First, we need to calculate \( r/n \):

\[ \frac{r}{n} = \frac{0.069}{12} \approx 0.00575 \]

Next, calculate \( nt \):

\[ nt = 12 \times 4 = 48 \]

Now, we calculate \( (1 + (r/n))^{nt} \):

\[ 1 + \frac{r}{n} = 1 + 0.00575 \approx 1.00575 \] \[ (1.00575)^{48} \approx 1.2987 \]

Now we can substitute everything into the formula for \( P \):

\[ P = \frac{14790 \times 0.00575 \times 1.2987}{1.2987 - 1} \]

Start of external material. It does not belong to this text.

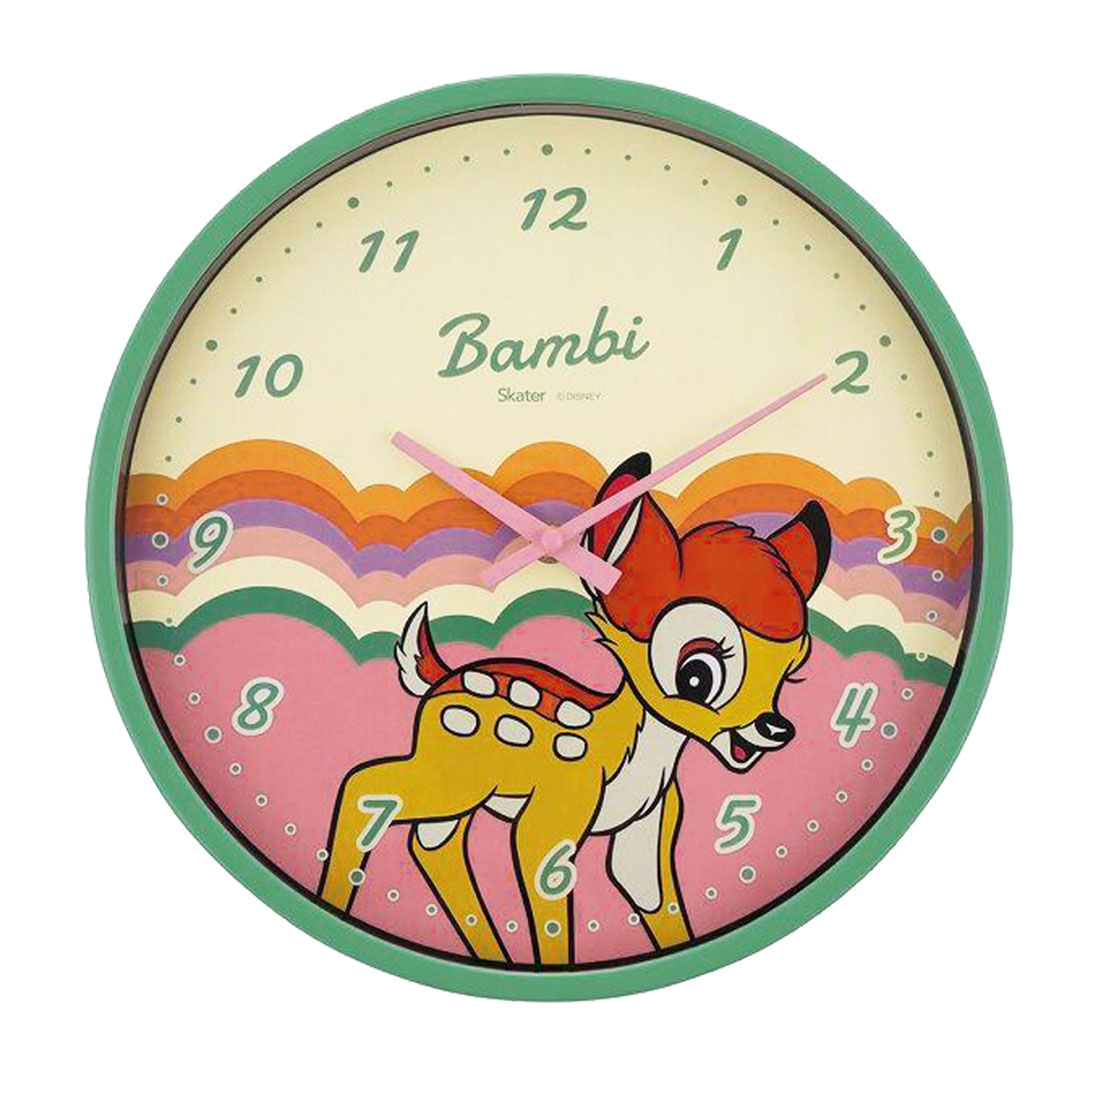 壁掛け時計 ディズニー レトロ かわいい おしゃれ Disney 時計 子供 ミッキー ミニー チップ&デール くまのプーさん バンビ ルーイ  デューイ ヒューイ

Calculating the numerator:

\[ 14790 \times 0.00575 \times 1.2987 \approx 109.14185 \]

And the denominator:

\[ 1.2987 - 1 \approx 0.2987 \]

Now, calculate \( P \):

\[ P \approx \frac{109.14185}{0.2987} \approx 365.27 \]

Therefore, the monthly payment is approximately:

\[ P \approx 365.27 \]

Based on the choices given, it seems there's a mismatch with the calculated number. The closest amount that we can find from the original options would not perfectly match, but it’s essential to double-check the parameters and the operations if any clarifications or adjustments would yield your expected values.

However, based on the options presented, none of them are exactly matching the computed result from the formula application. Please revise any potential input or selection mistakes.